Рябь по озеру. Шум сухой осоки. Холодный северный ветер. И берёзы прощаются шёпотом со мной, уходящим, роняя последние листья. Шуршит под ногами опавшая листва. Долгий прощальный взгляд осенних далей.
Сумерки. А сосны вслушивались в небеса. Ещё не облетевшие молодые берёзки рассказали весёлую сказку о смерти. Она приближается так же, как эта осень. Пустеют леса, замолкают птицы, сереет небо. Ветер становится неприветливым и холодным. Ещё чуть-чуть - и последний предел. И вдруг – чистый, ослепительной белизны первый снег! Вот что за пределом, которого страшатся все.
*
Пусть шепчут пожелтевшие страницы старых книг. Пусть шепчут и деревья последней листвой и ветер у ночного окна. Улыбается душа важности серьёзных мыслей и улетает к необъяснимому, объяснённому ими. И мысли уже спешат за ней и сами вдруг начинают создавать тайны. И происходит чудо! Становится понятнее мир.
*
Туманный парк ронял последние листья. Капли, падающие с ветвей, шелестели в опавшей листве и пожухлых травах… И лучезарное сияние небес! Оно слегка коснулось вершин, оживило воздух аллей.
*
Вечерний день: сумерки, изредка освещаемые чистым дождём. Свободный ветер, летящий над туманной землёй…
Сухие листья нескончаемой стаей уже не летели, а катились по песку на север, навстречу холодной волне. Глазами, полными светлой осенней печали, смотрела на всё Ветлуга. Прошумел поздний пароход, скрыли его прибрежные тальники.
*
Скоро ли наступит день? Вторую неделю сквозь сизо-серые сумерки не может пробиться свет. Он мерцает в холодных каплях, дрожащих на голых ветвях аллей, в слепых окнах домов, в тусклых лужах. Но свет овладевает душой, и тонет она в любви к серенькому миру. Затенённый уголок огромного вселенского дома.
*
Сизый туман просеивают кусты. Мелкий дождь неслышно рождается в густом воздухе. А тёплый ветер рассказывает о тайнах, которые шепчет склонившемуся небу туманный лес. И вот уже сама тайна медленно тает в вечереющем воздухе...
Сосняк и светлые метёлки высокой травы, уже не заслоняемые яркостью листвы. Нет её. И ровный ток воздуха сквозь прозрачные рощи. Покрытые лёгким ледком озёра. Шуршание смёрзшейся травы под ногами. Тропинка выводит на берег. Спокойная тишина. Вдруг крылатая мелочь просыпалась в кусты со звоном, и снова всё стихло. Прозрачная тишина спокойно течёт через душу.
Мелкий дождь зашептал в чёрных опавших листьях тальников. Отвечает ему Ветлуга, шурша оторванными от берегов тонкими льдинками в затопленных кустах, ветках подмытых и упавших в воду деревьев. Иду по смёрзшемуся песку, по увядшим хвощам и листьям мать-и-мачехи. Окидываю взглядом противоположный берег. Потерявший краски лес спокойно ожидает зимы, расцвеченный лишь белыми прожилками берёз и зеленоватыми – осин. Потянуло дымком. Как вчера, когда в деревне топились бани. Луговая дорога мимо речки с зеленой водой. Притихший опустевший мир. Взгляд светлой души.
В тёмном холодном небе, над продрогшей в сыром октябре землёй – светлое окно в лучезарный, лазурный, но такой далёкий мир!
*
Сумерки всё гуще. Снежинки, проносясь мимо окон, словно уносят с собой капельки света. Пролетают и шепчут. Слушаю «повесть о Лидде, городе белых цветов».
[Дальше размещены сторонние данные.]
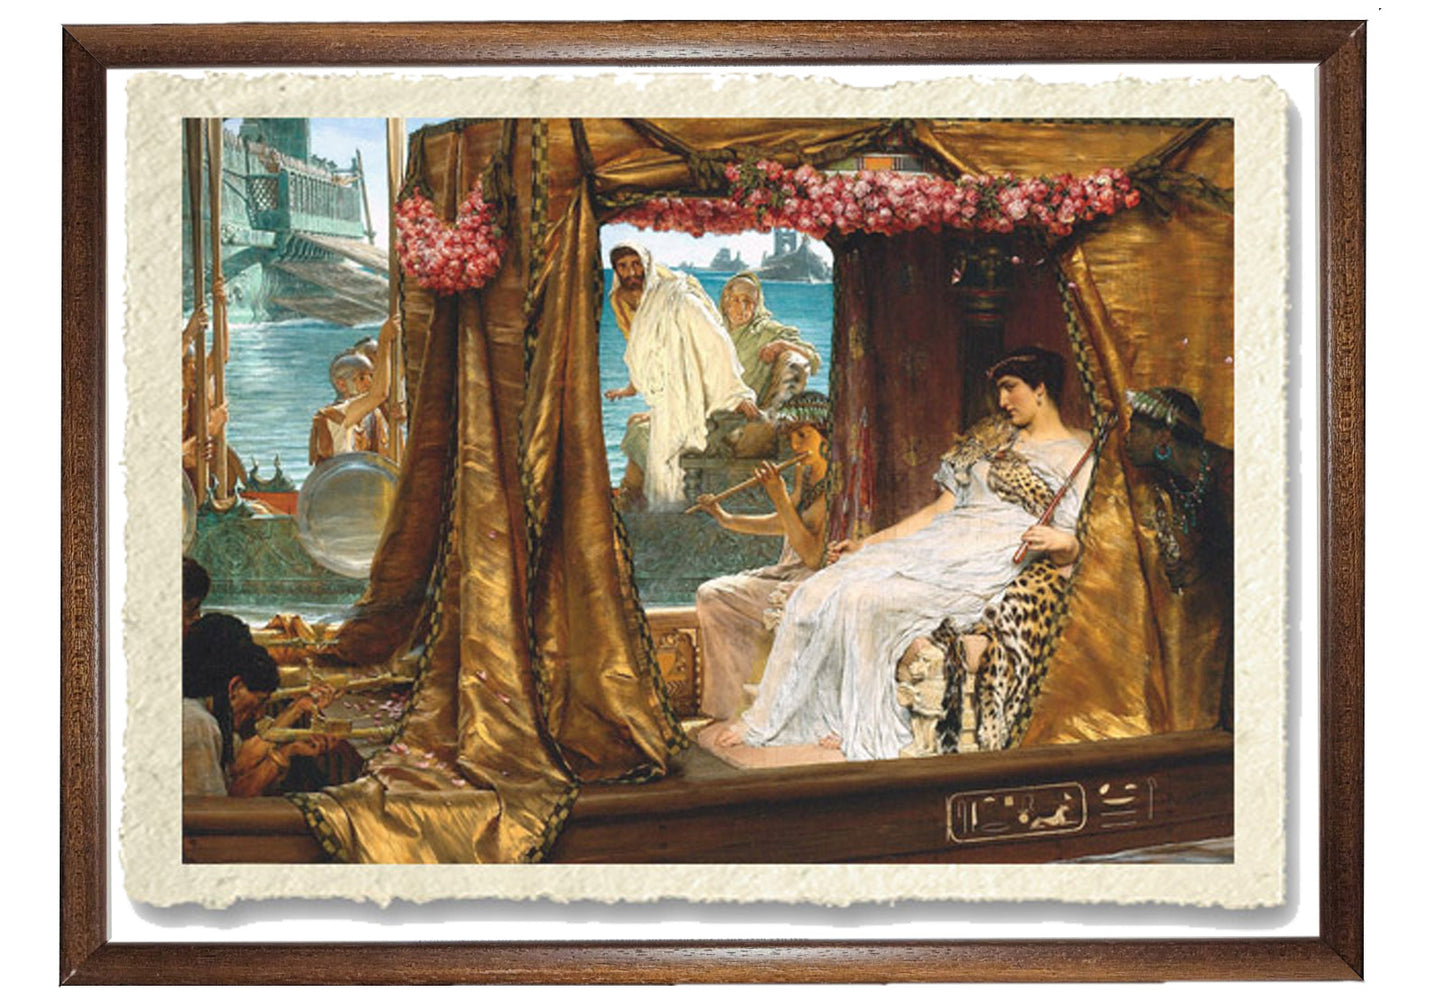 Antonio e Cleopatra di Lawrence Alma-Tadema

Жёлтые листья ложатся на снег. Снежинки летят на свет из шумящего сада.
*
Вчера белые косматые тени в сиреневых сумерках качались у окна. Ночью роскошно убранный белый сад молитвенно смотрел в небо. Обыденно серое на первый взгляд, оно волновало душу, что-то шептало ей одной сомкнутыми устами. Присмиревший ветер лишь изредка трогал ветки, сыпавшие серебряной пылью.
Весёлая речка с именем, где встретились июльские тальники и луговые медовые травы, лесная малина и медь солнечных лучей, медленное колыхание высоких ветвей и звоны стрекоз и птиц. Она качала быстрые волны и оглядывала берега, так быстро принаряженные снегопадом. Изысканные узоры, причудливые переплетения чистых белых линий, тонированных тёмным, созданные небесным художником, очаровали её. Лёгкая улыбка, светлая, как сам помолодевший мир, тронула губы. Восхищением засветились глаза.
*
Вот уже пробным ледком покрываются лужи. И низкое солнце не грозит полностью обнажить землю. Неужели это начало зимы? Начало морозов и вьюг, долгих волчьих ночей?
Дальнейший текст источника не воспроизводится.